Пьер попытался рассмеяться шутке, но он никогда не был ближе к войне, чем в мастерской, и первое знакомство с искусством убивать расстроило его и вызвало внезапное отвращение.
— Я знаю, что вы сделали, — со злостью крикнул он.
— Но, Пьер, он ведь хотел убить тебя, понимаешь? — сказал Хью.
— Да, наверное, хотел.
— Ну и?
Хью пожал плечами, удивленно поднял брови и, наконец, выразительно развел руками, по-итальянски, ладонями вверх. Он очень строго взглянул на приемного сына.
С того дня всю жизнь, всегда, когда он видел смерть человека, Пьер припоминал этот жест своего приемного отца.
Глава 8
Во время короткой осады была предпринята только одна серьезная атака, которая чуть не увенчалась успехом. Нескольким французам удалось забраться на стены замка. В его старинных коридорах и даже во дворах, обнесенных стенами, завязалась схватка, и в какой-то момент казалось, что крепость может пасть.
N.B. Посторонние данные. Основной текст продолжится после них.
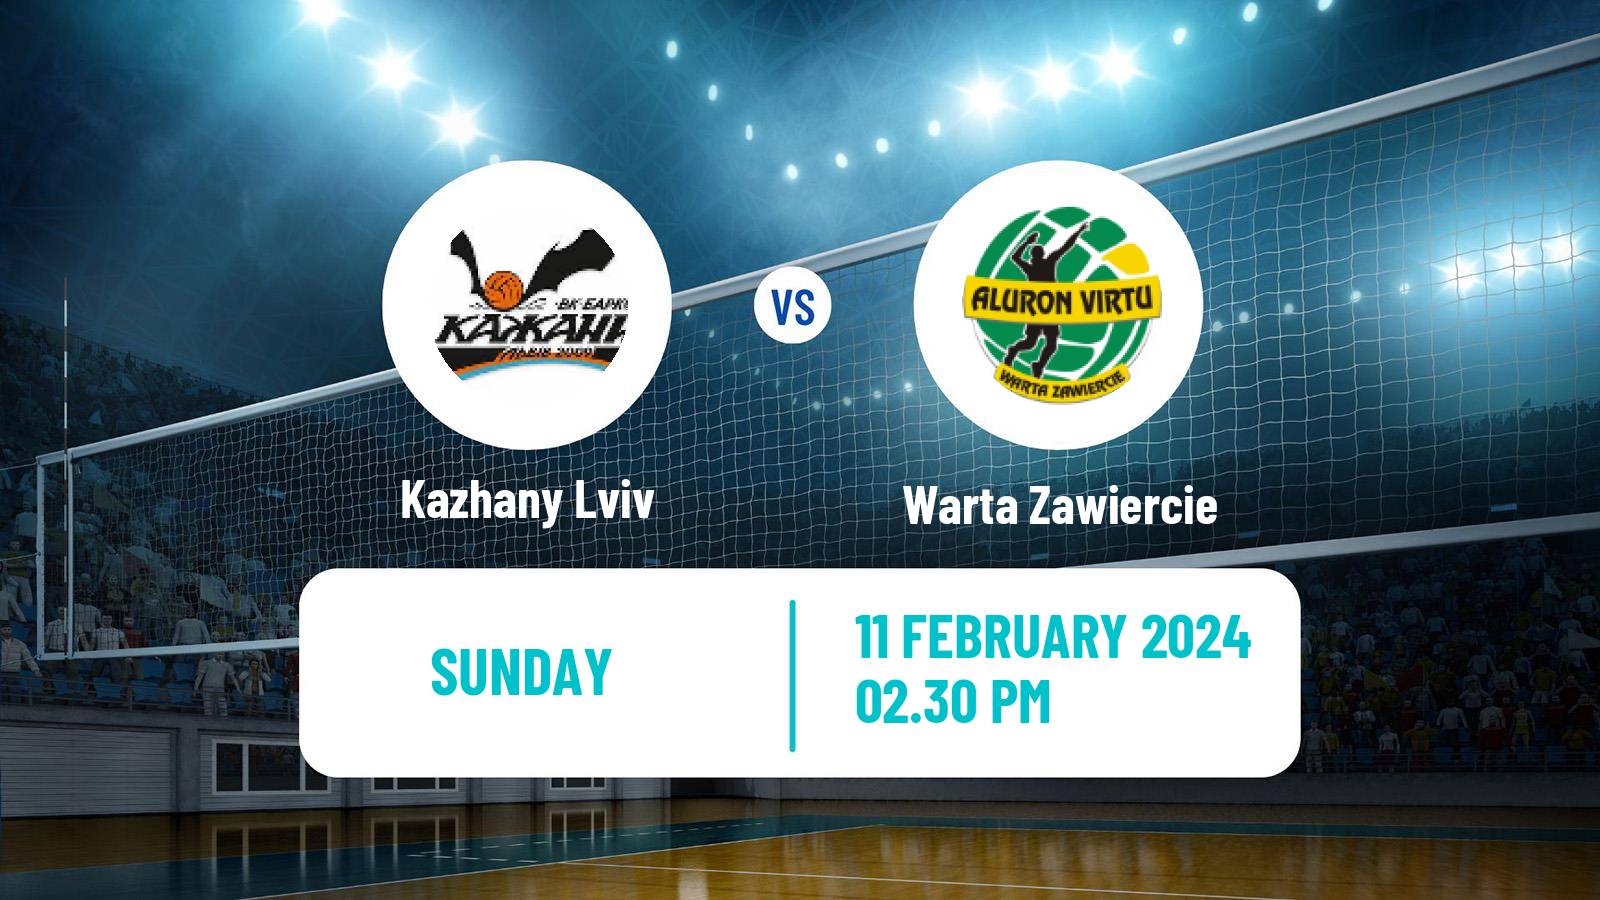 Volleyball Polish PlusLiga Kazhany Lviv - Warta Zawiercie

Но атакующие не получили подкрепления. Приставные лестницы были опрокинуты с помощью длинных шестов, мертвые и умирающие сброшены со стен, а офицеры, как обычно, захвачены с целью получения выкупа.
Хотя
В годовщину снятия осады Николас Миди произнес пламенную проповедь на тему раскаяния на торжественной мессе в честь Богородицы, вознося ей хвалу за освобождение города.
У алтаря, облаченный в белый стихарь, стоял Пьер, его золотистые волосы цветом напоминали золотой крест в свете сотни свечей. Пьера, который обратил на себя внимание каноника, научили продуманному до мелочей и привлекательному ритуалу церковной службы. Проповеди каноника выходили далеко за пределы понимания десятилетнего мальчика, но он знал и понимал, что вино, которое он держит в правой руке, и вода в левой, когда они смешиваются в чаше, поданной каноником, таинственным образом превращаются в кровь Господа, и это было чудесно. Когда он поднимал голову во время вознесения даров, он пристально смотрел, как его учили, на белую облатку в руках священника, которую Господь в это самое мгновение превращал в свое собственное тело, распятое на кресте; и хотя он не всегда чувствовал восторг, который должен вызываться этим древним чудесным обрядом (а иногда, как он себе признавался, его внимание отвлекалось), ему говорили, что восторг придет в свое время, когда он повзрослеет и лучше познает жизнь. И тогда обещание искупления станет ему понятным во всей своей благотворной глубине.
Пьер очаровал каноника, и он учил мальчика не только ответам на латыни во время службы, но и латинской грамматике и общеупотребительной речи. Пьер открыл, что латынь была не только языком церковной службы, но и повседневным средством общения тысяч европейских ученых и государственных деятелей, так что человек мог путешествовать по всему христианскому миру и его понимали в любой стране.
— Но в языческих странах говорят по-турецки, — сказал Пьер. — Абдул научил меня многим словам.
— Это хорошо, — ответил Миди. — Может быть, в один прекрасный день ты отправишься на Восток, чтобы проповедовать там христианскую веру.
Приступы болезни начались у Миди после сожжения Жанны д’Арк. Сегодня у него был один из приступов дрожи, и когда Пьер поднял глаза на дароносицу, он увидел, что она трепещет, как крыло птицы. Он надеялся, что священник не уронит ее, хотя знал свою роль в церемонии и знал, что делать, если это случится.
Потом он заметил алое пятно на большом пальце каноника, похожее на каплю крови; и когда он снова склонил голову, он с испугом произнес короткую молитву, опасаясь, что Господь осудит его за невнимание к службе.